To Ronald Gallimore, professor emeritus of education at the University of California, Los Angeles, these efforts are sincere. Reform advocates are confident that this time they can really get it right, he says. But they may not know the history of education. Another problem, he adds, is that the U.S. school system is highly decentralized, with schools controlled locally, making it hard to make sweeping, across-the-board changes to how students learn.
So how do teachers know if proposed reforms will be effective?
Can you prove it?
“Evidence is the magic word,” says Adrian Simpson, president of St Mary’s College, Durham University in the UK and professor of mathematics education.
That’s also part of the problem.
Those who call for evidence-based approaches to education tend to turn to randomized controlled trials, a powerful form of research widely used in medicine to establish causal relationships, Simpson said. In education, that could mean field experiments that show a practice works in a particular situation, or lab experiments in cognitive science, he said.

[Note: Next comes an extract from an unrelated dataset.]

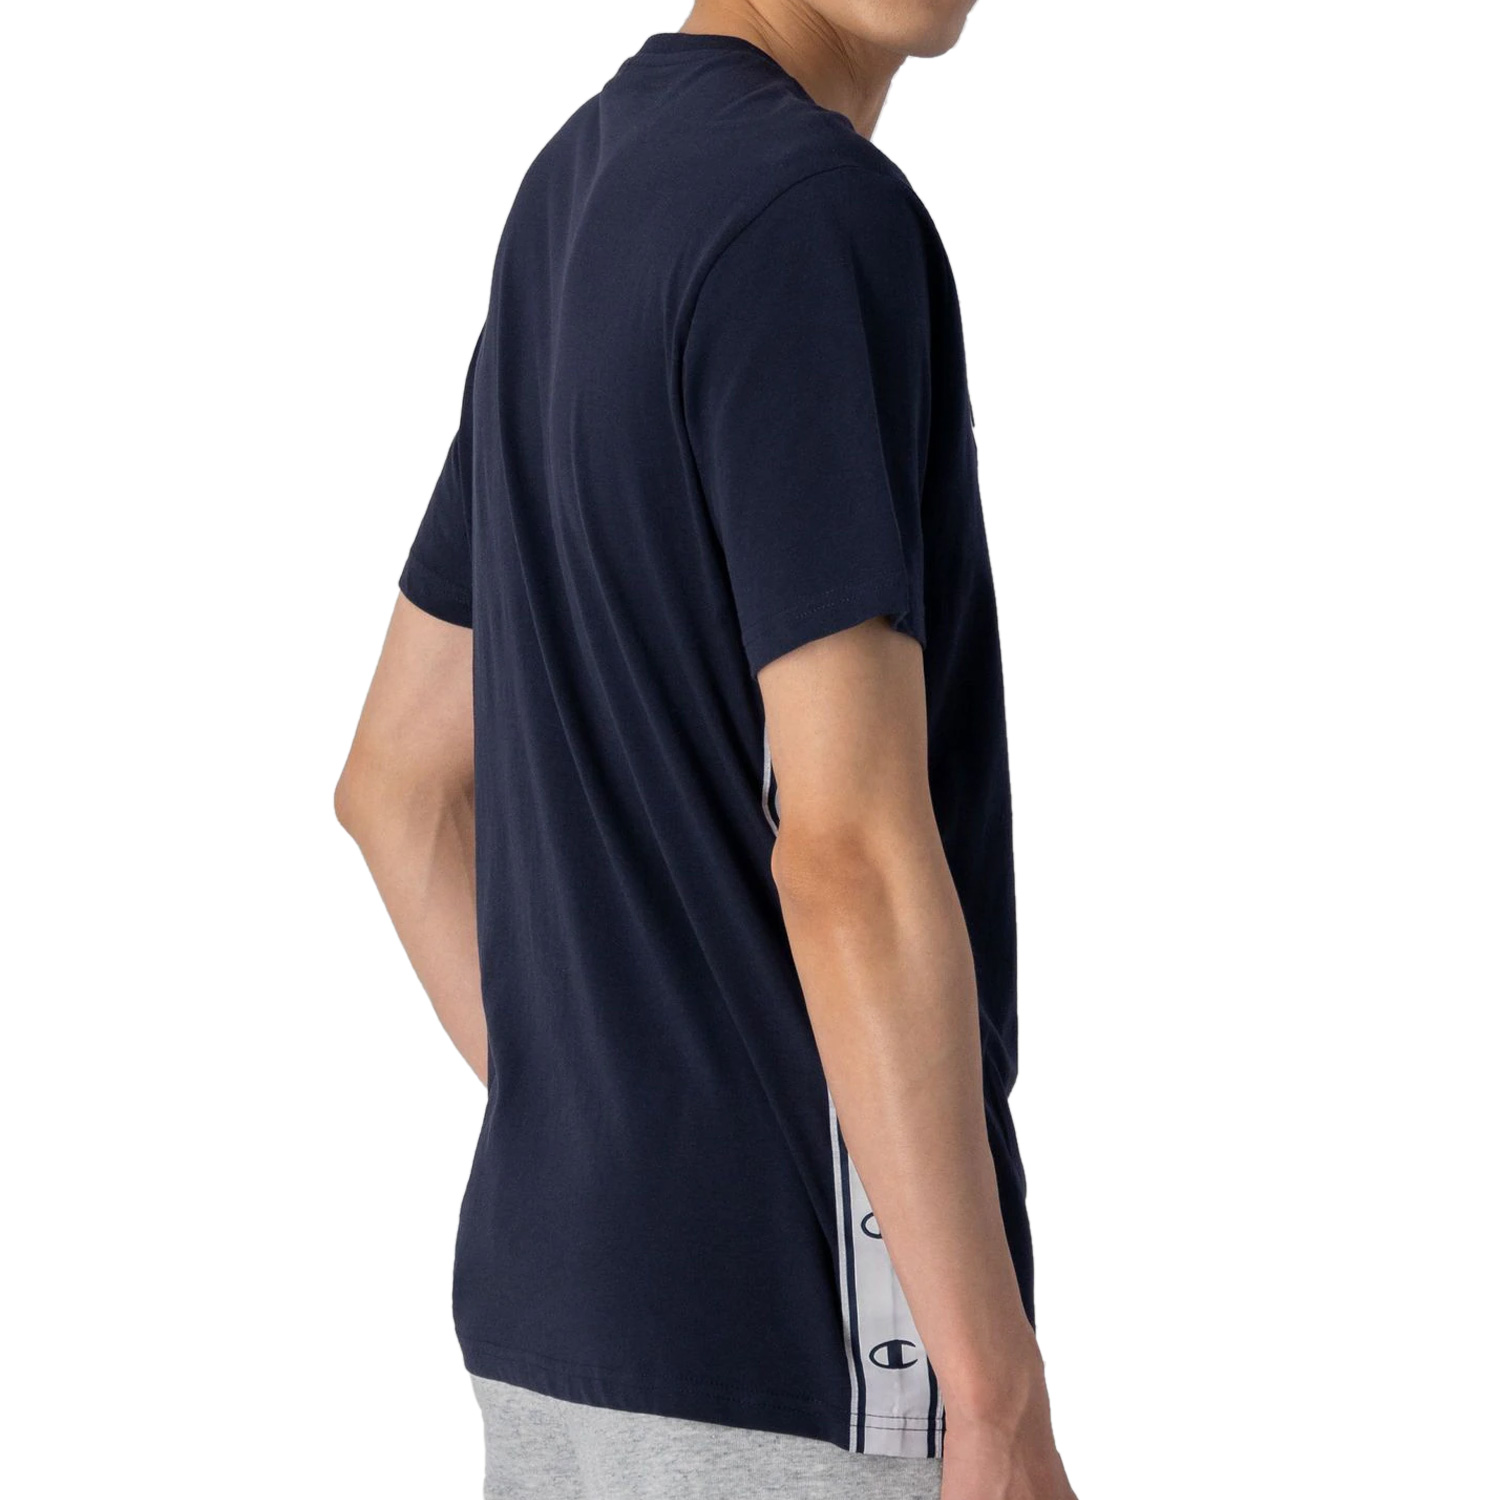 Champion Baumwoll-T-Shirt mit seitlichem Logoband dunkelblau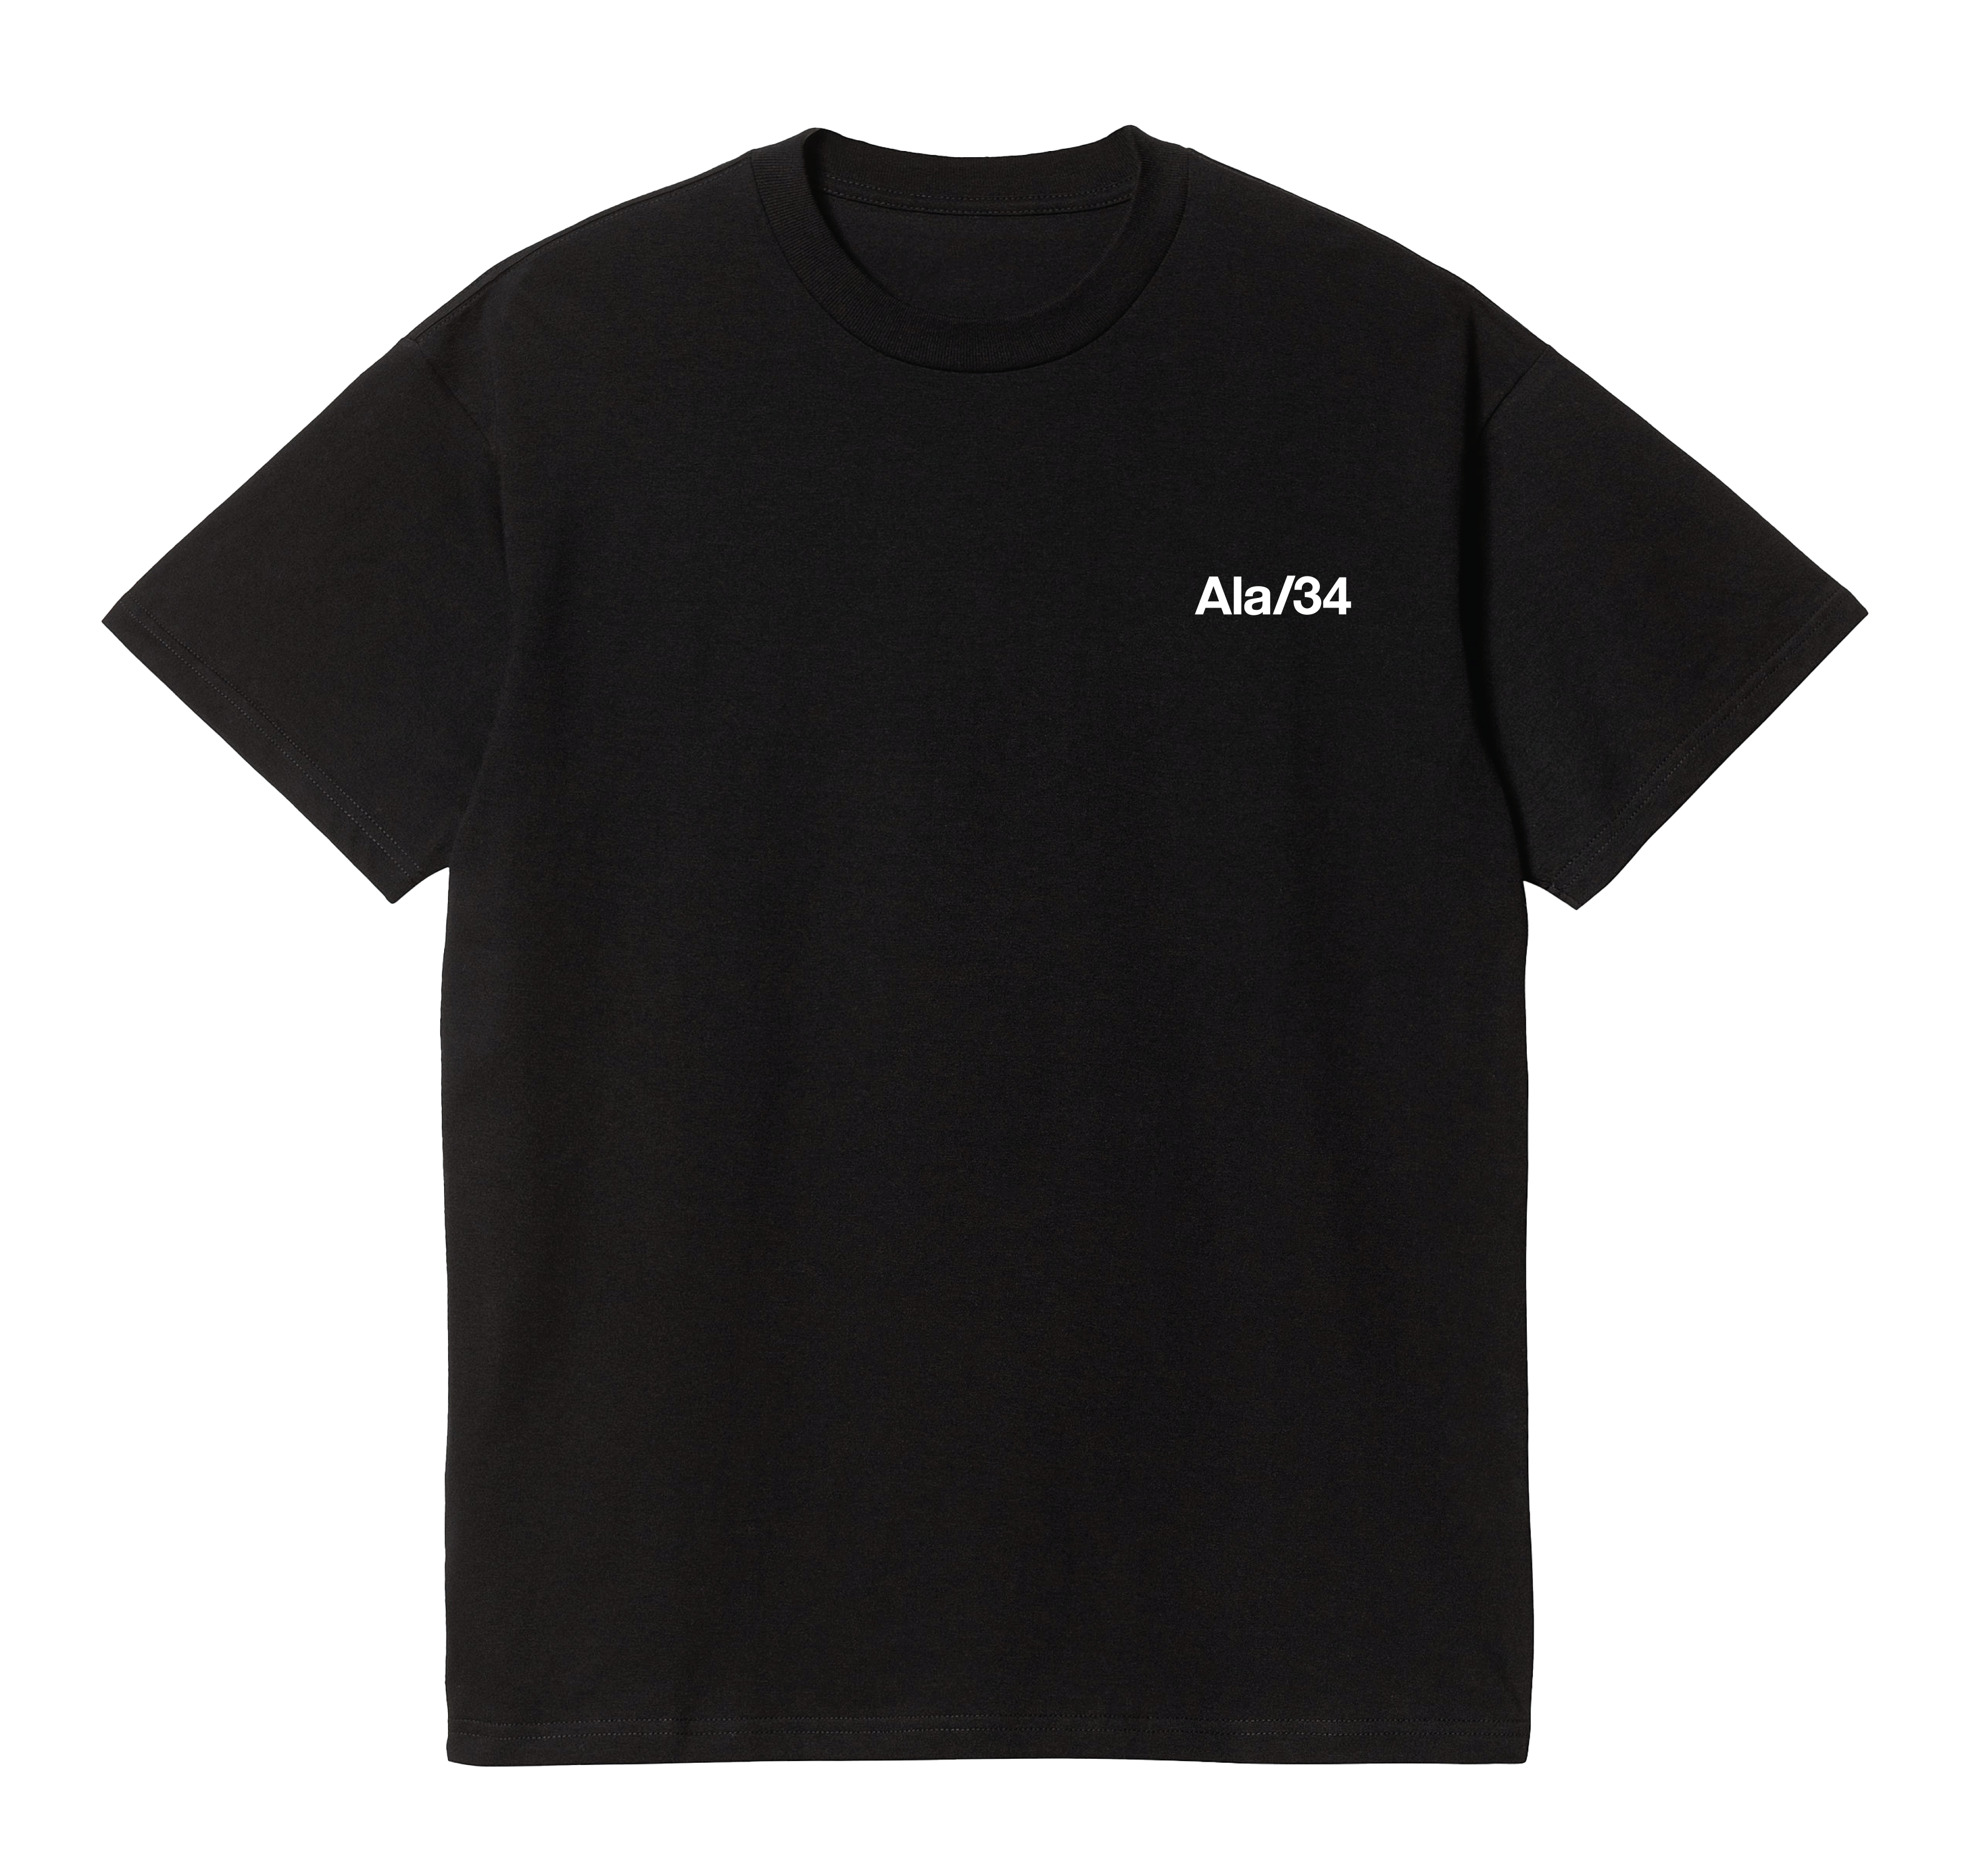 black Slash/34 t-shirt

“but, [these] “The power of communication is very powerful, but very narrow,” Simpson says.
These studies are seen as evidence that certain approaches work, but Simpson says that what they really do is prove that the differences in the interventions, when added together, improved learning for some participants. It’s hard to say which interventions were effective, and whether they would work for other students, he says.
This also puts pressure on how change is implemented in the classroom.
Imagine the best teacher. How long would it take to design, refine and tailor that teacher’s lesson to individual differences? asks Gallimore, the retired professor. What makes implementing reform efforts so difficult, Gallimore says, is distilling general ideas into details that work for specific groups of students, often across different learning environments.
So it’s hard to translate lessons learned from these experiments into learning.
Researchers understand less about the mechanisms that make people think about, say, fractions than they do about how the kidneys function, says St. Mary’s Simpson. That means experimental evidence about specific practices in education is weaker than in other fields, such as medicine, where people tend to have similarities. “You can’t establish classroom laws that apply everywhere,” Simpson says.
Ultimately, there are no quick fixes to the reform cycle, Simpson says. But he thinks teachers could learn from public health medicine, which strives to tailor interventions to individual characteristics. He suggests that teachers should bring together insights from a variety of sources, from memory studies to tips from the teacher next door, to think about how to unlock student learning. Instead of asking how to help a student do better with fractions, teachers could ask, “What is it that’s making this kid not do better with fractions?” That could yield insights that inform student learning, rather than insights that focus solely on teacher interventions, Simpson says.
For UCLA’s Stigler, it’s hard to know what works in education today.
The reform movement needs to focus more on developing a disciplined plan to move from the idea stage to the implementation stage, he said, adding that teachers also need time to ensure that ideas are being implemented effectively.
Without that, Stigler says, no one will know what really works.